This "portable" type of choreography is targeted more at vertical industry organizations, such as RosettaNet, that want to define rules for collaboration between the members of their industry and simplify, as far as possible, the implementation and integration process.
The final type of choreography, is a Concrete Choreography, where all the details are specified that are required to send a message. This extends the definition in a Portable Choreography to include information about the "endpoints". This can include information such as:
The URLs that are the destinations of the messages that are sent, and
Other "endpoint" specific rules such as digital certificates to be used for securing messages.
These types of choreographies are probably most applicable where two or more participants want to specify how they will cooperate and there is little or no need for other organizations to follow the same process.
The table below summarizes the three different types of choreographies.;
|Types of Messages||Identified||Identified||Identified|
|Message Structure||Not Defined||Defined||Defined|
|Condition evaluation rules||Not defined||Defined as far as possible||Defined as far as possible|
|Technology used||Not defined||Defined||Defined|
|Message Endpoint Data||Not defined||Not Defined||Defined|
The model described in this paper allows an Abstract Choreography to be extended to become a Portable Choreography and a Portable Choreography to be extended to become a Concrete Choreography.
The model also allows each different type of Choreography to be defined directly. This means that:
A Portable Choreography can be defined without first defining the Abstract Choreography
A Concrete Choreography can be defined without defining an Abstract or Portable Choreography.
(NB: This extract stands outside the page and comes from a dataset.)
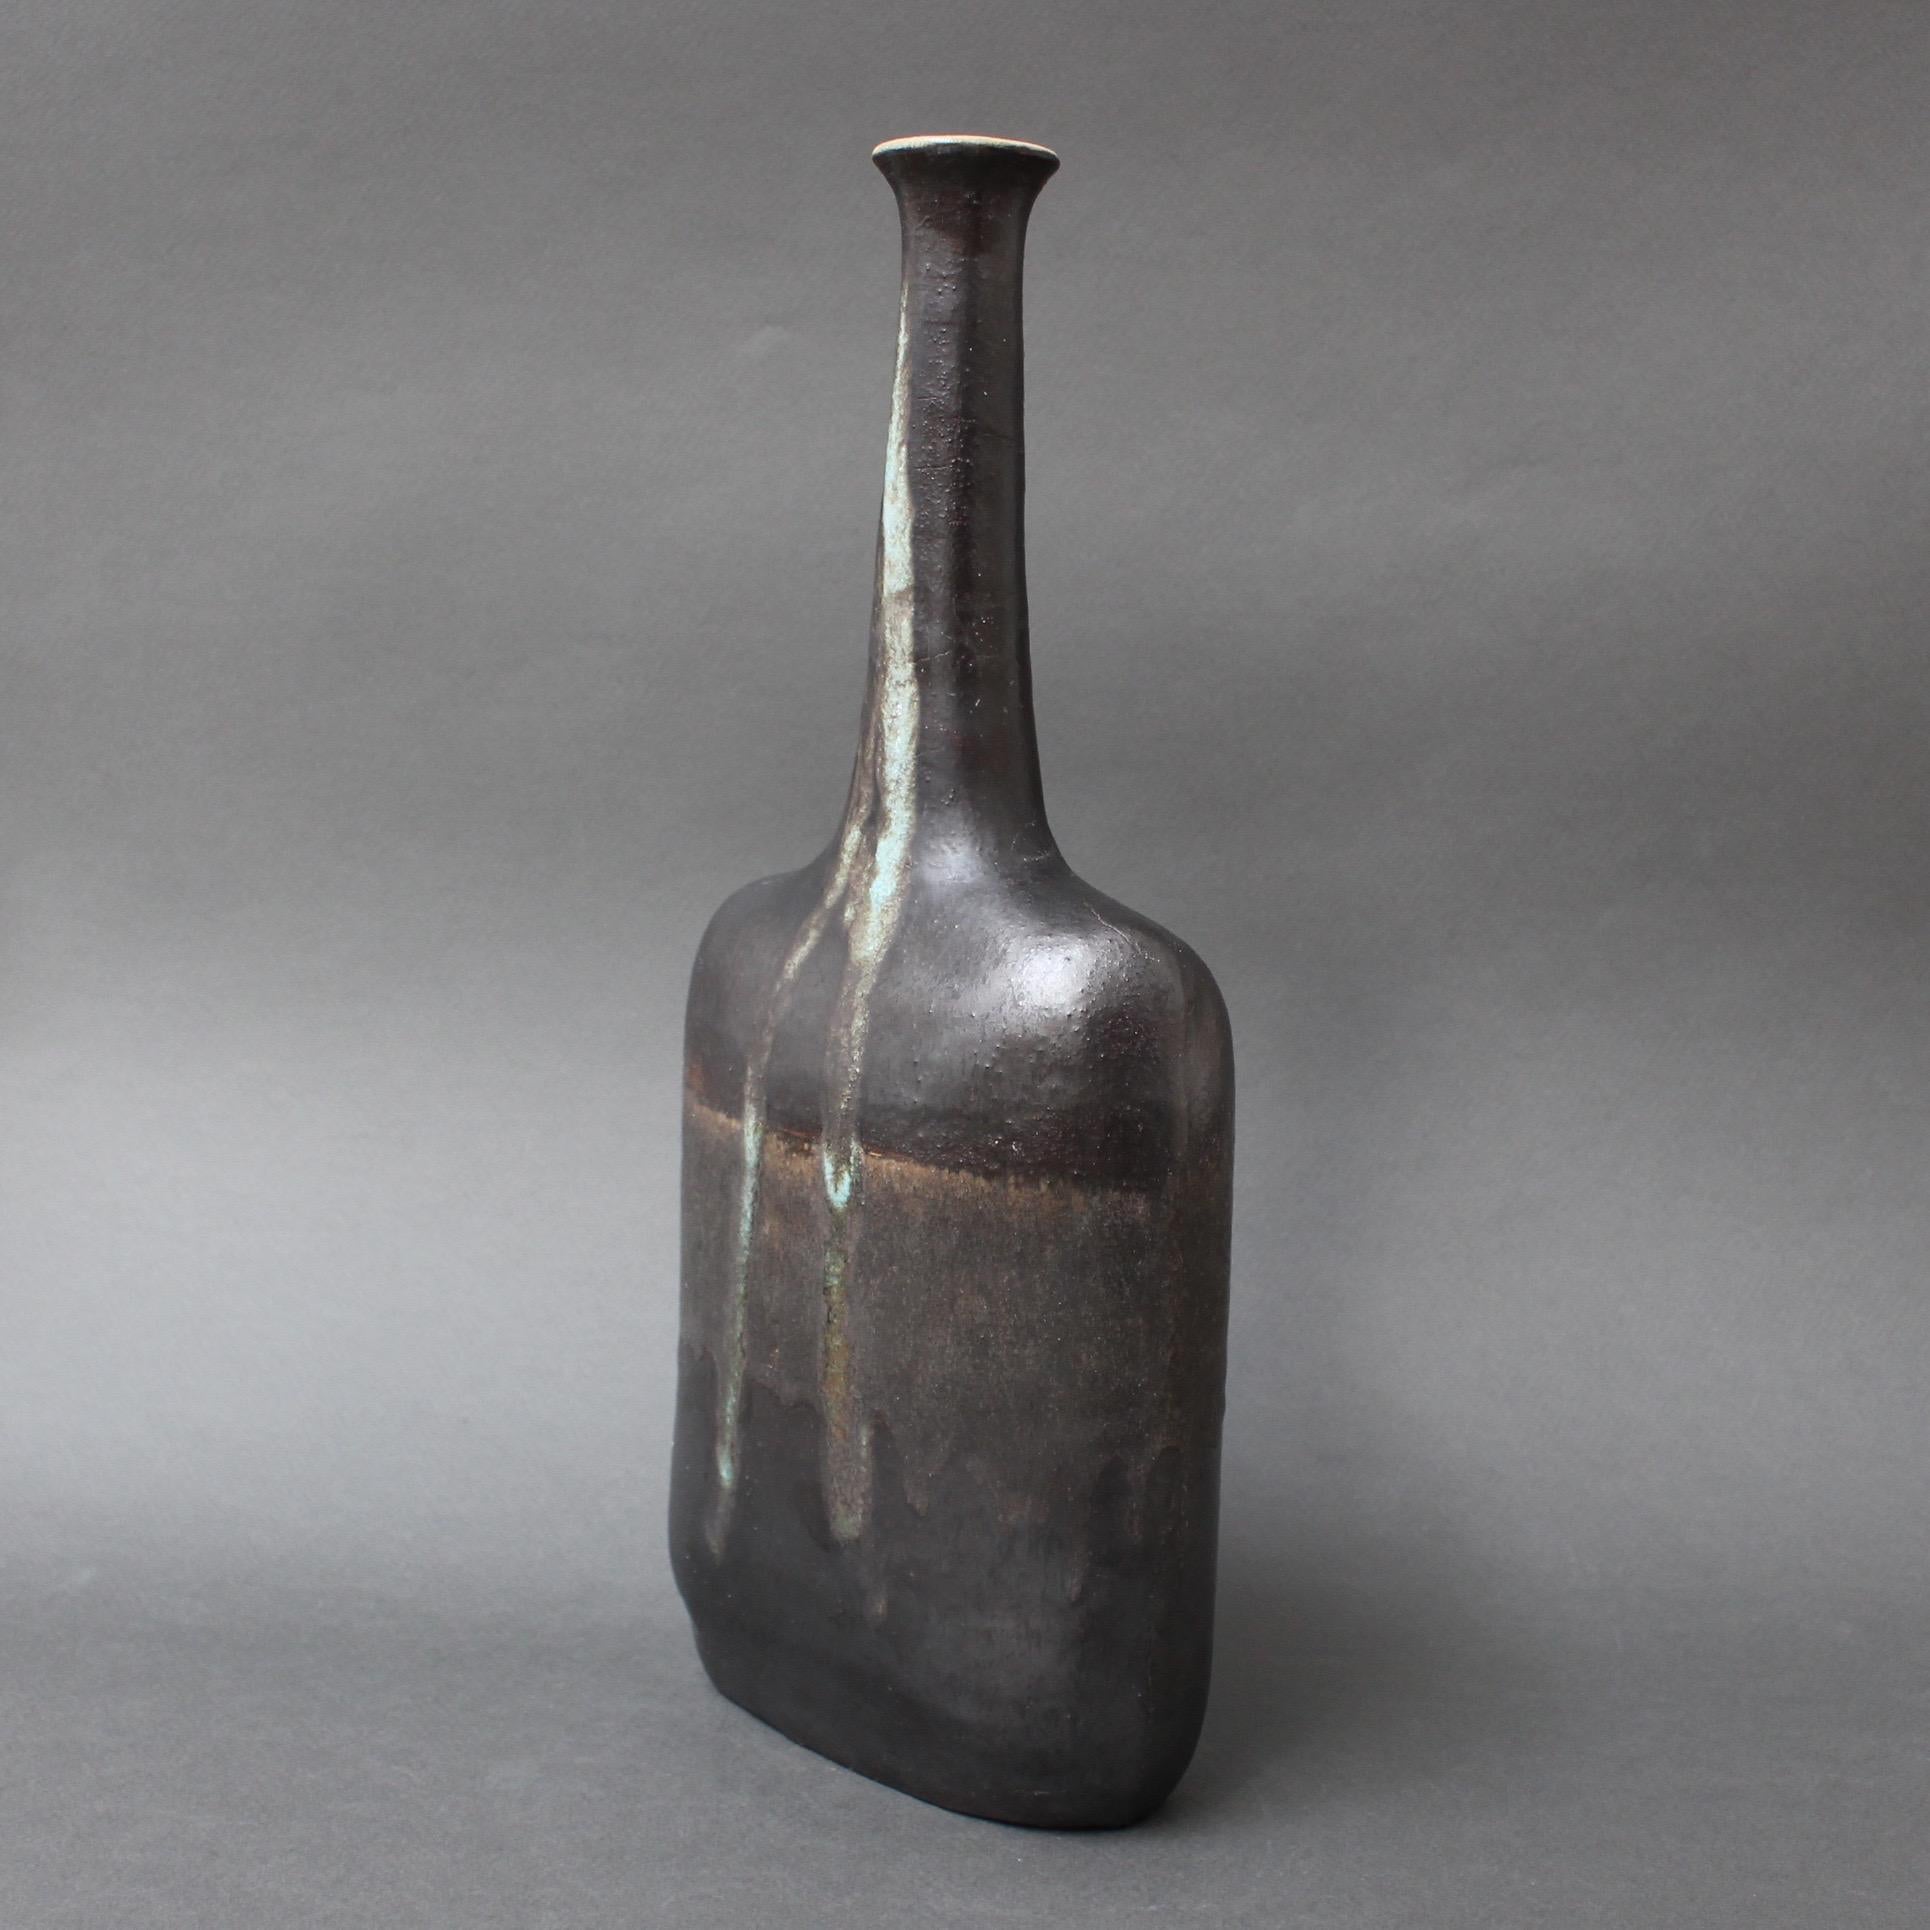 Ceramic vase with flat-black glaze and verdigris drip motif by ceramicist Bruno Gambone, (circa 1980s). This elegant narrow-opening bottle-shaped vase is a work of art. There is a rectangular body with soft, curvy shoulders leading to a graceful,

The following diagram is the full model of all the entities (without attributes).
Figure 1: Full Model
The rest of this Model Description section describes the following subsets of the model (including attributes).
Participants, Roles and Relationships. In a Choreography information is always exchanged between Participants, such as a Business or Organization acting in one or more Roles, for example Buyer or Seller as part of a Relationship, for example purchasing goods.
Choreography Structure. This section describes the major components of a Choreography at a high level
Choreography Composition and Import. This explains how one Choreography can be created by performing other, pre-existing choreographies and importing content from other choreographies.
Types, Variables and Tokens. Variables contain information about objects in the choreography such as the messages exchanged or the state of the Roles involved. Tokens are aliases that can be used to reference parts of a Variable. Both Variables and Tokens have Types that define the structure of what the Variable or Token contains.
Interactions. These are the basic building blocks of the Choreography which result in the sending of messages between Roles in either a "one-way" or "request-response" message pattern
Activities and Control Structures. Activities are the lowest level components of the Choreography that do the actual work. Control Structures combine activities with other Control Structures in a nested structure to express the sequence and conditions in which the messages in the choreography are exchanged
Choreography Exceptions and Transactions. Choreography Exceptions describe how to specify what additional Interactions should occur when a Choreography behaves in an abnormal way. Choreography Transactions describes how to specify what additional Interactions should occur to reverse the effect of an earlier completed choreography
Semantics. Semantics allow the creation of descriptions that can record the semantic definitions of almost every single component in the model.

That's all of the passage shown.